Son estas implicaciones de orden ético, económico y político que llevan a críticos a determinar la pasividad y actividad de los países, con relación a su postura frente a la generación de conocimiento, señalando a aquellos que sólo adoptan las líneas de investigación de una manera pasiva recurriendo a la misma metodología aplicada en diversos escenarios y los que generan nuevas líneas de investigación. Así, la valoración de los ecosistemas, por parte de la sociedad o las autoridades correspondientes, representa un factor fundamental en la formación de los profesionales de la biología; como ilustración de esto, podemos apuntar el caso de la pérdida acelerada de los bosques tropicales en América Latina, grandes extensiones que prestan servicios ambientales a la humanidad, donde existen miles de especies que todavía no se alcanzan a conocer, pero que desaparecen a causa de la toma de malas decisiones (Arce, 2020). Esta situación nos demanda posturas éticas encontradas en cuanto a dirimir si la intervención de empresas que hacen uso de los recursos maderables o de las especies de importancia económica que extraen, lo hacen con lineamientos legales pertinentes o de manera ilegal y excesiva, donde no proveerán beneficio alguno a la ciudadanía y que, además, en el futuro generarán problemas alternos de índole social. En este último enfoque la balanza favorece a la opinión de científicos y defensores de los sistemas ecológicos no intervenidos. Así, el estudio de la biología necesita un acompañamiento de posturas bioéticas para la aplicación de la biología en este siglo XXI, el cual representa al mismo tiempo un momento de gran avance científico y de los mayores retos en la aplicación de este. Discusiones de esta índole, son atendidas por instituciones internacionales como la OMS, la UNESCO, la FAO, pero es en la práctica profesional situada donde es necesario el amplio entendimiento de esta complejidad, considerando siempre la generación y aplicación del conocimiento.

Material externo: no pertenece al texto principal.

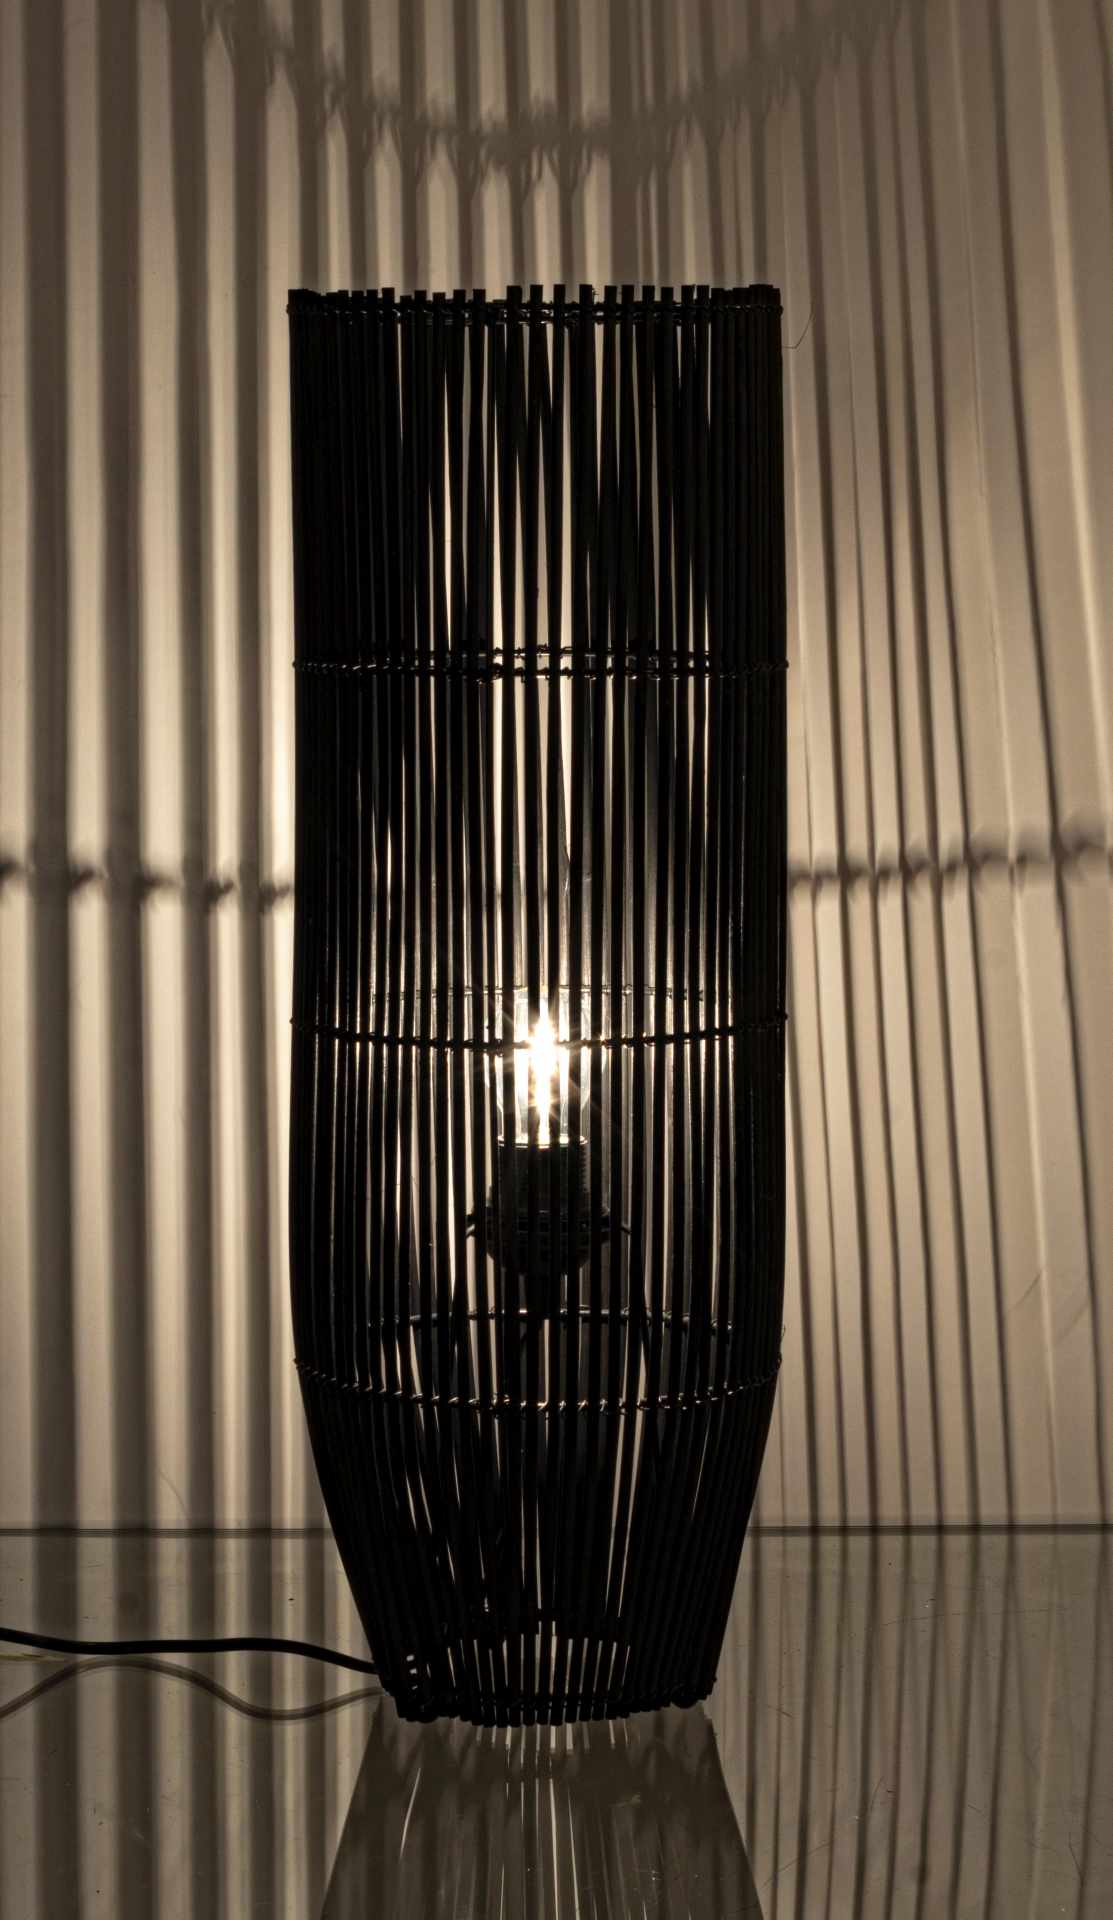 Die Stehleuchte Arusha überzeugt mit ihrem klassischen Design. Gefertigt wurde sie aus Bambus, welches einen schwarzen Farbton besitzt. Die Lampe besitzt eine Höhe von 61 cm.

La formación profesional de grado y postgrado que no integre criterios axiológicos asociados a la utilización e intervención de los sistemas naturales como la responsabilidad para con las otras formas de vida no humanas y la solidaridad con generaciones futuras. Asimismo, de los fenómenos o procesos en los cuales estén involucrados entes vivos, carecerá de una formación que le permita al biólogo conservar ecosistemas y cualquier nivel de organización natural. El biólogo calificado para hacer frente a las intervenciones de lo vivo deberá contemplar en la generación y socialización del conocimiento, herramientas profesionales valorativas que permitan visualizar los alcances de la investigación y el estudio científico en una integración de factores biológicos, sociales y humanísticos, los cuales deben servir de apoyo en la comprensión y emisión de juicios de valor, en las causas y efectos de los impactos causados a la naturaleza, en los riesgos al ser humano y, de la misma forma, el impacto a su trama cultural situada, aspectos históricos, estructura social, espectro de creencias y relación con lo biológico.

Una postura bioética presente en la formulación de protocolos de investigación permitirá de entrada, situar los componentes éticos, valores y principios, en un sistema biocultural, aunque el estudio no siempre tenga fines sociales. Se trata de propiciar un cambio de visión profesional con una carga de responsabilidad, integrada a lo cultural.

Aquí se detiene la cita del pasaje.